Wednesday, February 25

What works for us Wednesday

Understanding insurance benefits is no small feat. But when you have children with medical needs and developmental delays, it's an understatement to say that you need to read your benefits. You need to know how to 'work them' to your advantage. Many insurance companies post their benefits online and also allow you to read EOB's thru the internet (explanation of benefits) which greatly help ease reviewing ALL the claims.

We recently added speech therapy services thru a private SLP center (connections) once week on top of the speech and feeding therapies that we also receive from the 0-3 yrs program. Since we have three forms of insurance now, we learned a new rule.... since medicaid is our third form of insurance for Tommy they will only pay on claims that our primary insurance feels are allowable. And that is where our problem started, this private SLP was not in contract with our primary insurance.... no one was going to pay for speech therapy to them. So, we have spent the better part of two weeks stuck in a process called filing a "Gap Exception".

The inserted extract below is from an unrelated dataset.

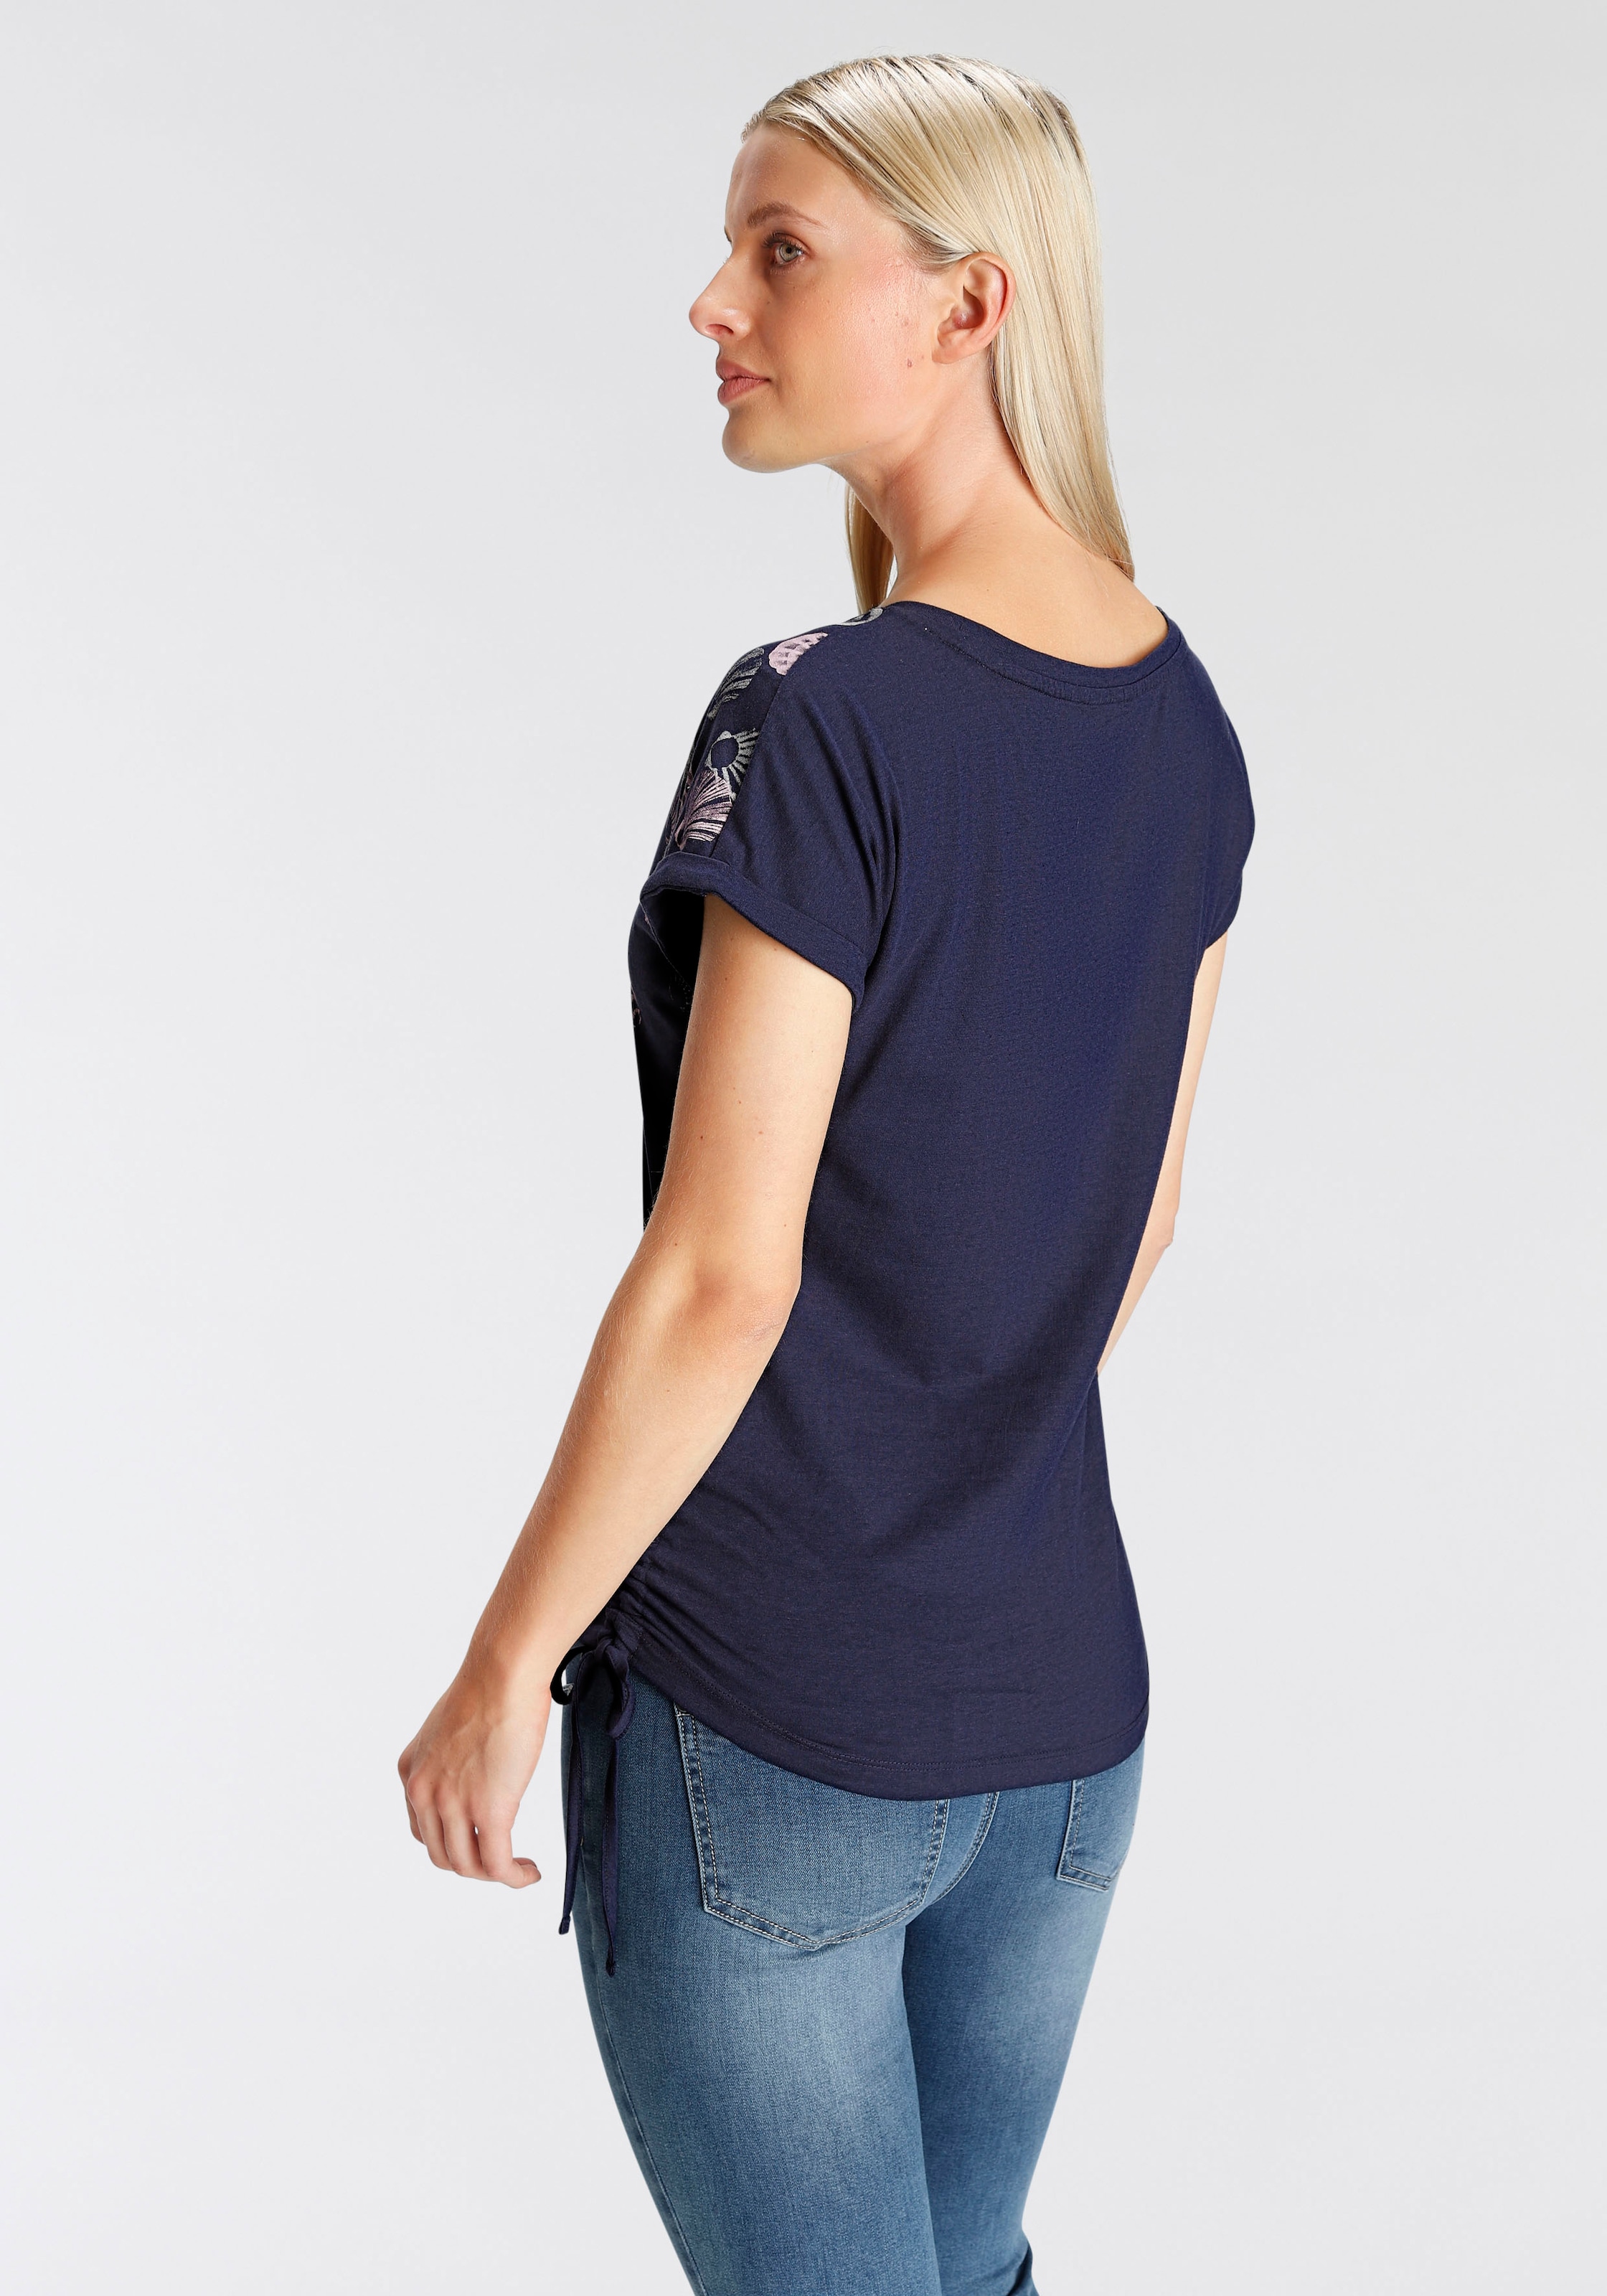 ♕ DELMAO T-Shirt, MARKE seitlichen mit Raffungen in NEUE auf Druckdesigns - versandkostenfrei verschiedenen

We asked for 40 visits for Liam for speech and the same for Tommy for the remainder of the year to this private SLP. Which would get us to the date that we start preschool. (Whether that is with the school district special education preschool or through a private Christian school we still haven't decided, an important question though as Wa State discriminates against providing State paid therapies (OT, PT, Speech) at a religious school, big bummer and is greatly influencing our decision). But back to the story, the Gap Exception has been filed and now the waiting game.

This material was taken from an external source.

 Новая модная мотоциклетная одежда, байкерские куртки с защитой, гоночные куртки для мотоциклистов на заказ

What worked for us in this process of adding a new service is to know our benefits and to "prime" our pediatrician that they may be asked by our insurance (and he was) about the 'need' to access speech therapies. A few simple phone calls ahead of time saved delays later. With a diagnosis like Down syndrome for Tommy (and Hirschsprung's disease).... and Liam having apraxia of speech I would have thought it a simple approval and no need for a pediatrician's involvement. And also to work through our care coordination department in our insurance company on getting all of the correct forms filed. Daily pestering phone calls to the insurance company due no good, but bring this mommy GREAT JOY.

Fingers crossed we get half of what we asked for. Which in the world of DD services is a high expectation...... unfortunately.